Hasilnya, sampah yang diolah di PLTS/RDF tetap tercampur, mengurangi efisiensi teknologi.
5. Tidak Mengurangi Volume Sampah
PLTS: Proses gasifikasi hanya mengurangi volume sampah 30-40%, sementara 60% sisa harus dibuang di TPA.
RDF: Proses pembuatan RDF meninggalkan 30% abu yang harus dibuang di TPA.
Ini berarti PLTS dan RDF hanya "menyembunyikan" masalah, bukan menyelesaikannya secara fundamental.

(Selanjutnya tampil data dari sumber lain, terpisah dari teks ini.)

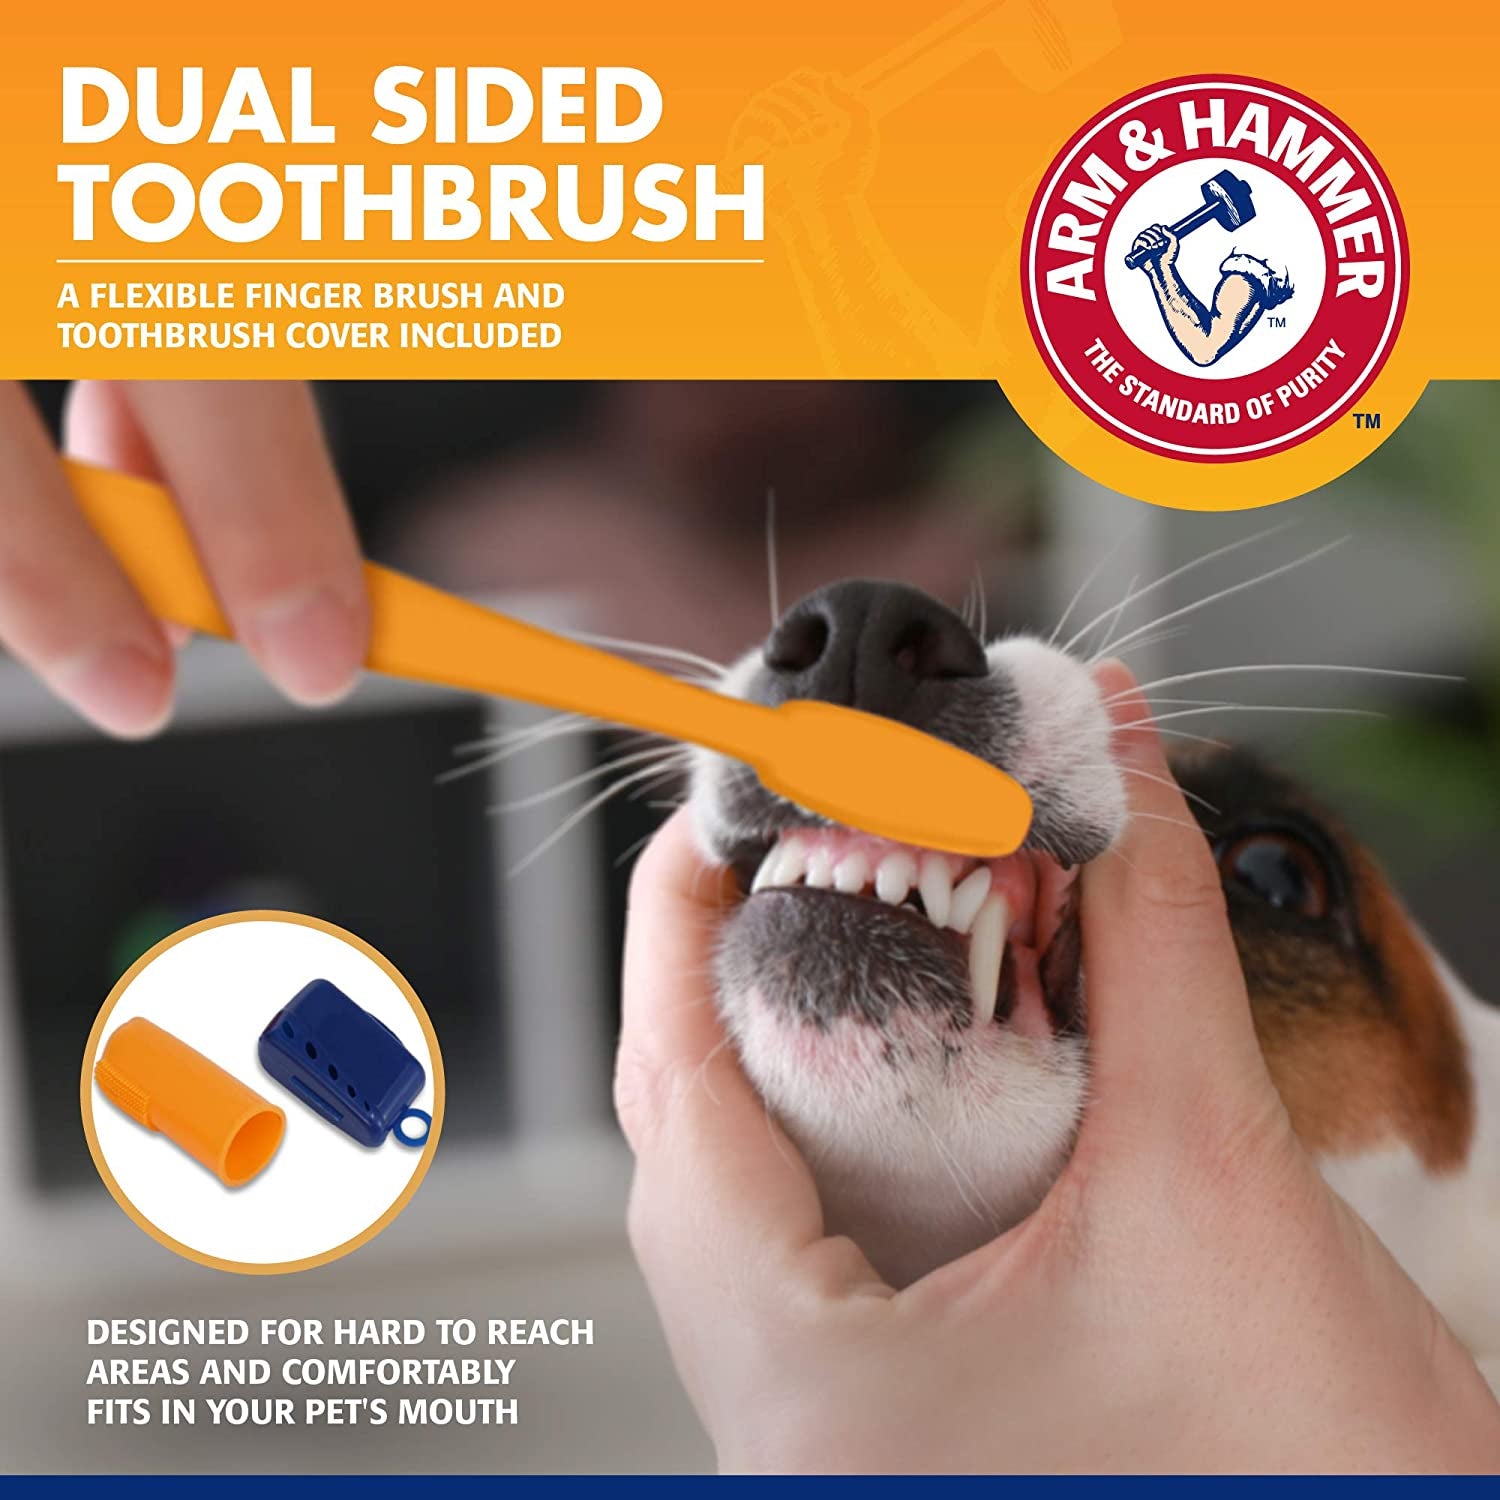 for Pets Tartar Control Kit for Dogs | Contains Toothpaste, Toothbrush & Fingerbrush | Reduces Plaque & Tartar Buildup, 3-Piece Kit, Banana Mint Flavor

Key Insight: Teknologi ini lebih baik untuk sampah kering (plastik, kertas), bukan sampah basah yang dominan di Indonesia.
Kasus Studi: PLTS dan RDF di Indonesia
1. PLTS Benowo (Surabaya): Proyek yang Tidak Mencapai Target
PLTS Benowo di Surabaya adalah proyek pionir PLTS di Indonesia, beroperasi sejak 2015 dengan kapasitas 9 MW. Proyek ini menggunakan teknik Landfill Gas (LFG) power plant, yang mengubah gas metana dari TPA menjadi energi listrik.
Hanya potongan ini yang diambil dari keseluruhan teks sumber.